• Dataset content:
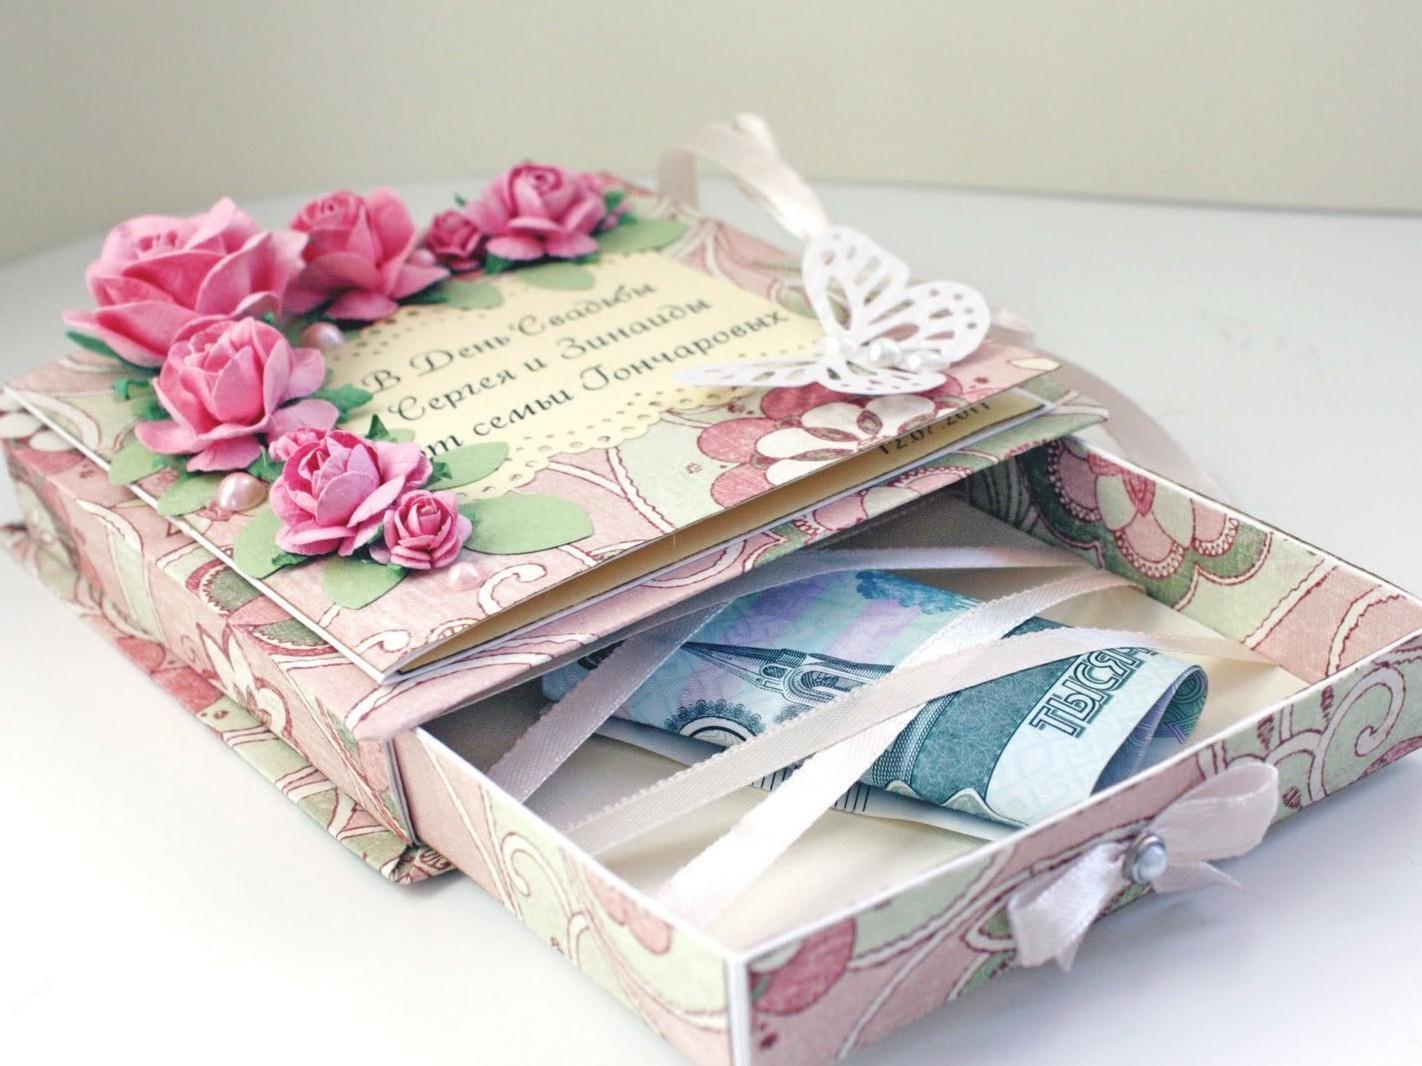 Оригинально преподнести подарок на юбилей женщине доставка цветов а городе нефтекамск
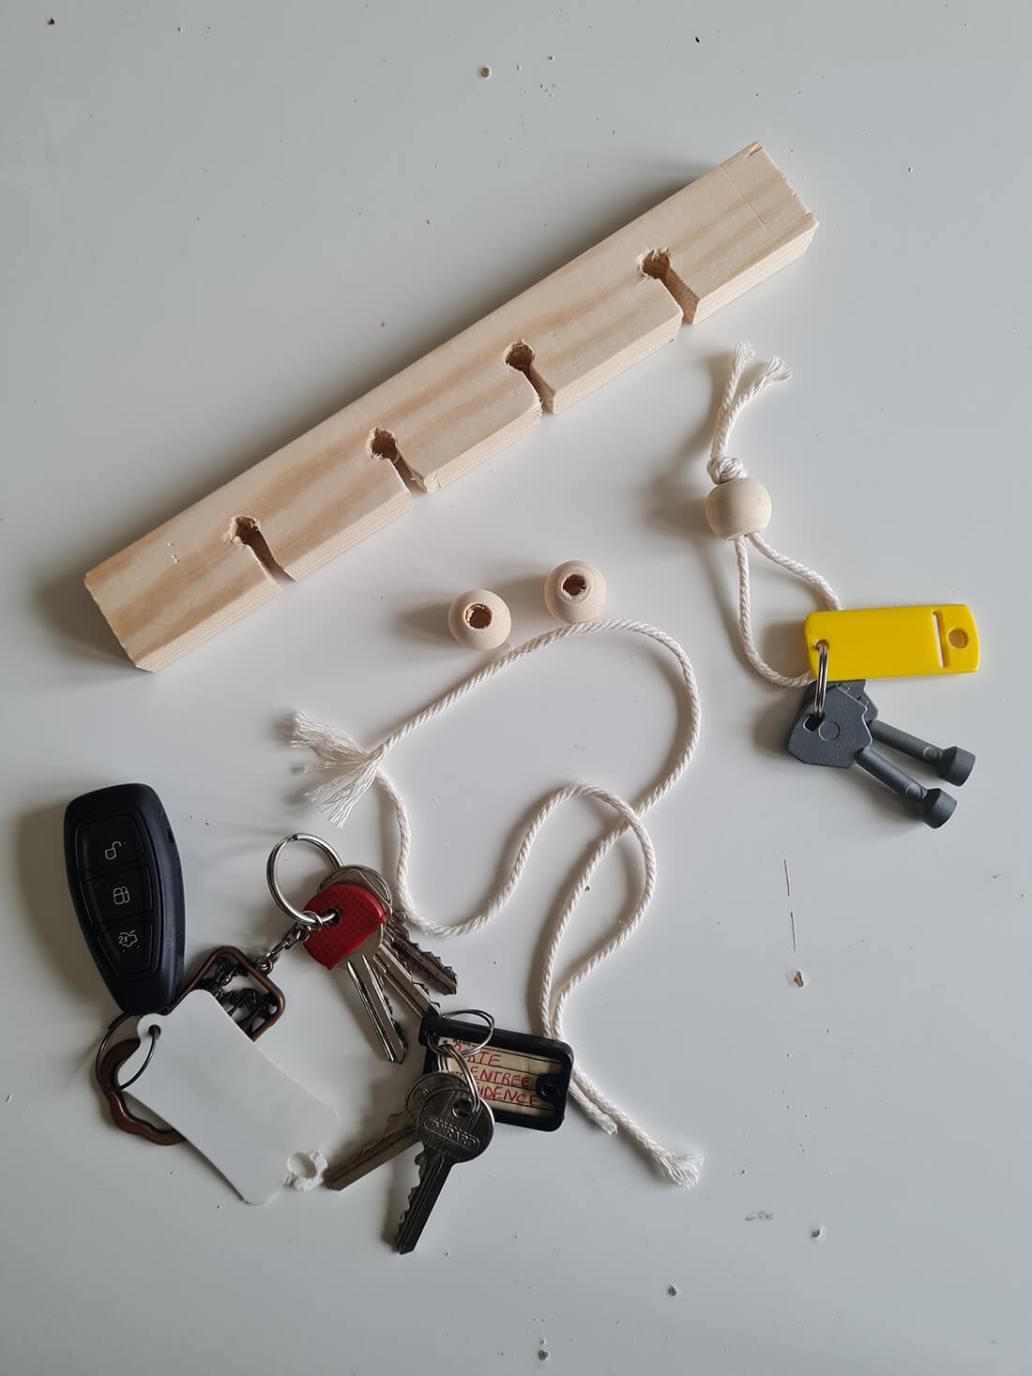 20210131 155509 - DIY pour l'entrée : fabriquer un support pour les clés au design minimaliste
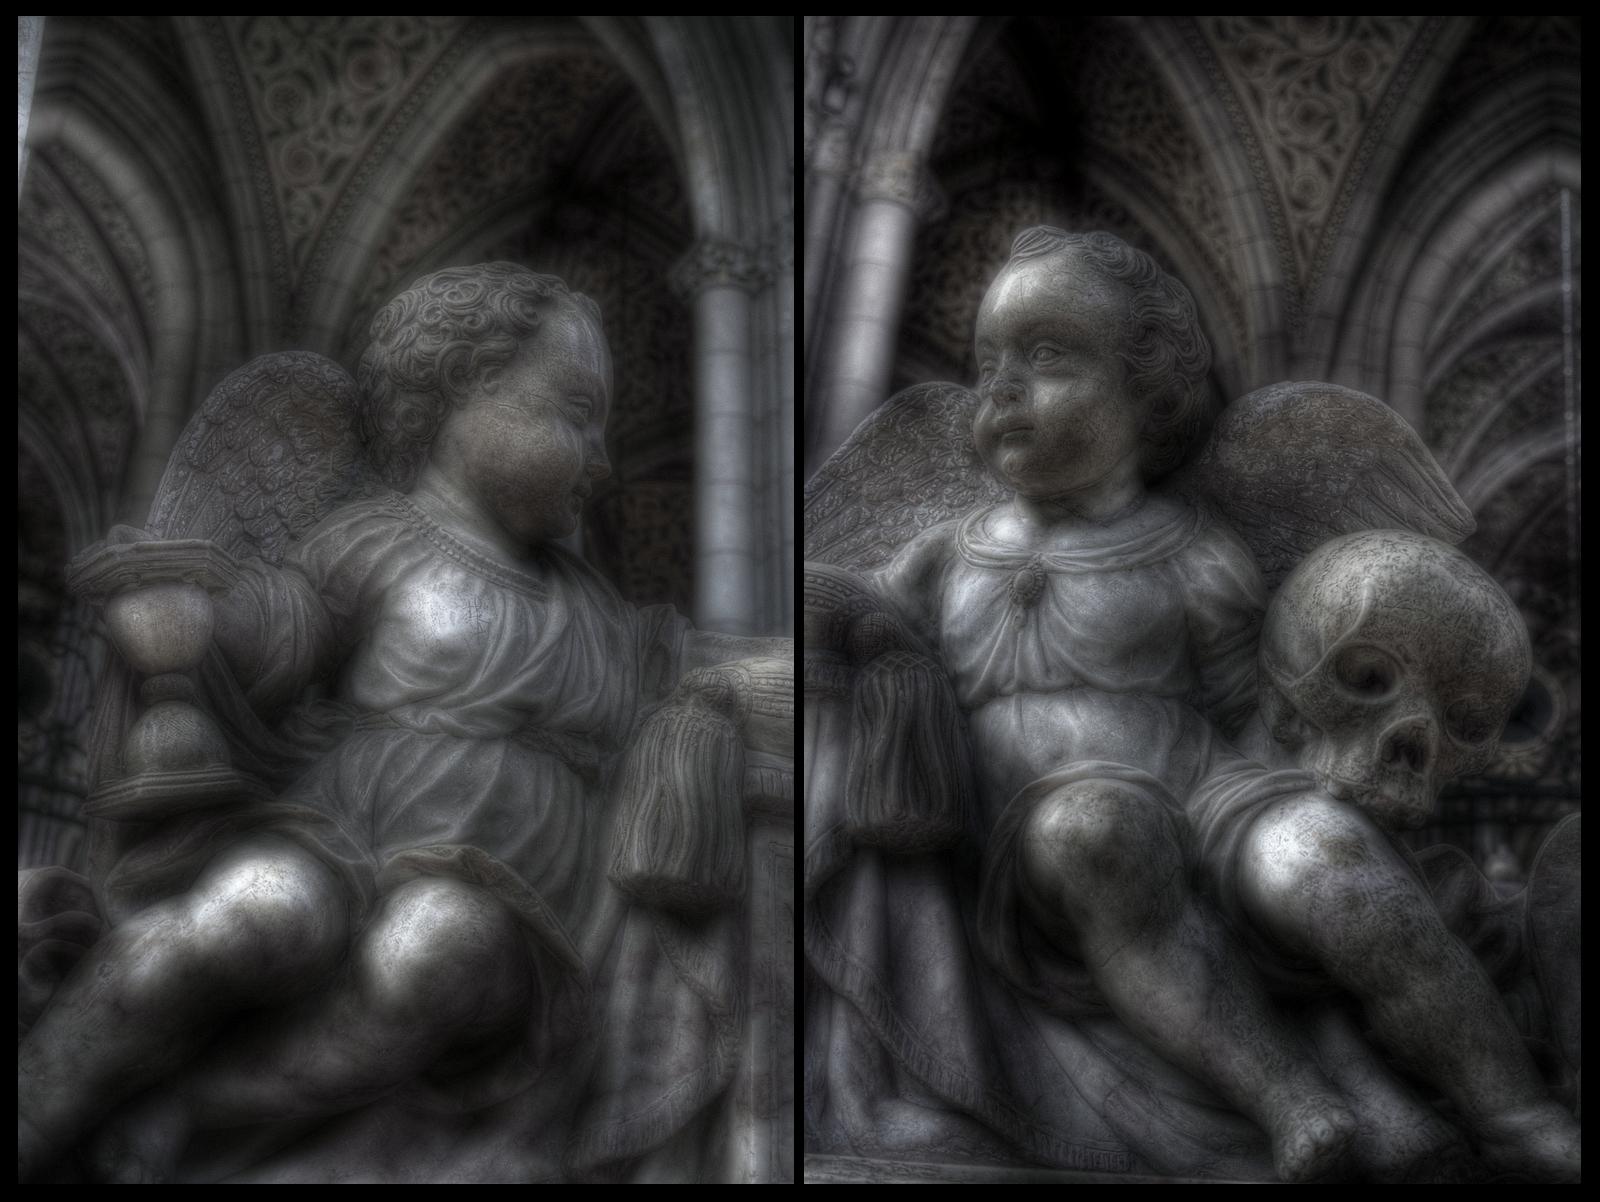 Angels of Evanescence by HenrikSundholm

• Work order: Leaving the pictures out, set down all of the data again exactly.

• Response to the exercise:
 Оригинально преподнести подарок на юбилей женщине доставка цветов а городе нефтекамск
 20210131 155509 - DIY pour l'entrée : fabriquer un support pour les clés au design minimaliste
 Angels of Evanescence by HenrikSundholm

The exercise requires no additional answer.